▶ _Exercise aim_
Beneath this instruction is a listing; print exactly the lines in it starting at the line that contains "Mưa kéo dài, gây" and going through the line that contains "Programa de Trainee".

▶ _Data to use_
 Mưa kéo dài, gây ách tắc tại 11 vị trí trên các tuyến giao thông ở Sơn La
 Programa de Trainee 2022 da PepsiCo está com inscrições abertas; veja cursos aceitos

--

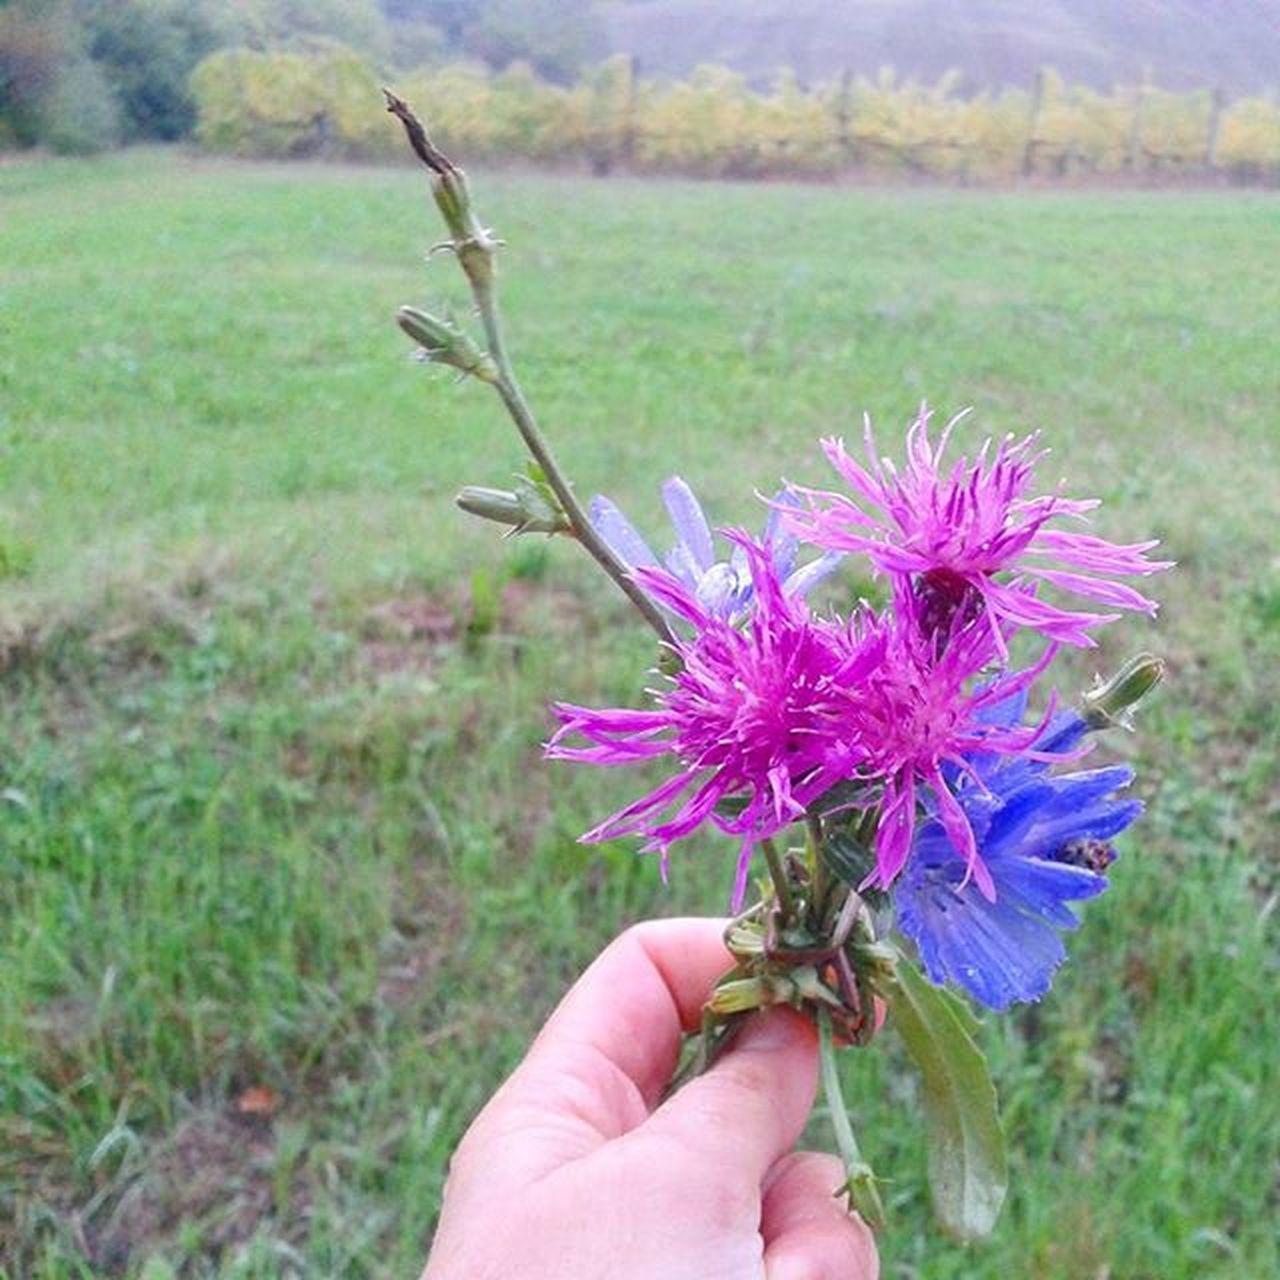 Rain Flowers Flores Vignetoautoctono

▶ _Written answer_
 Mưa kéo dài, gây ách tắc tại 11 vị trí trên các tuyến giao thông ở Sơn La
 Programa de Trainee 2022 da PepsiCo está com inscrições abertas; veja cursos aceitos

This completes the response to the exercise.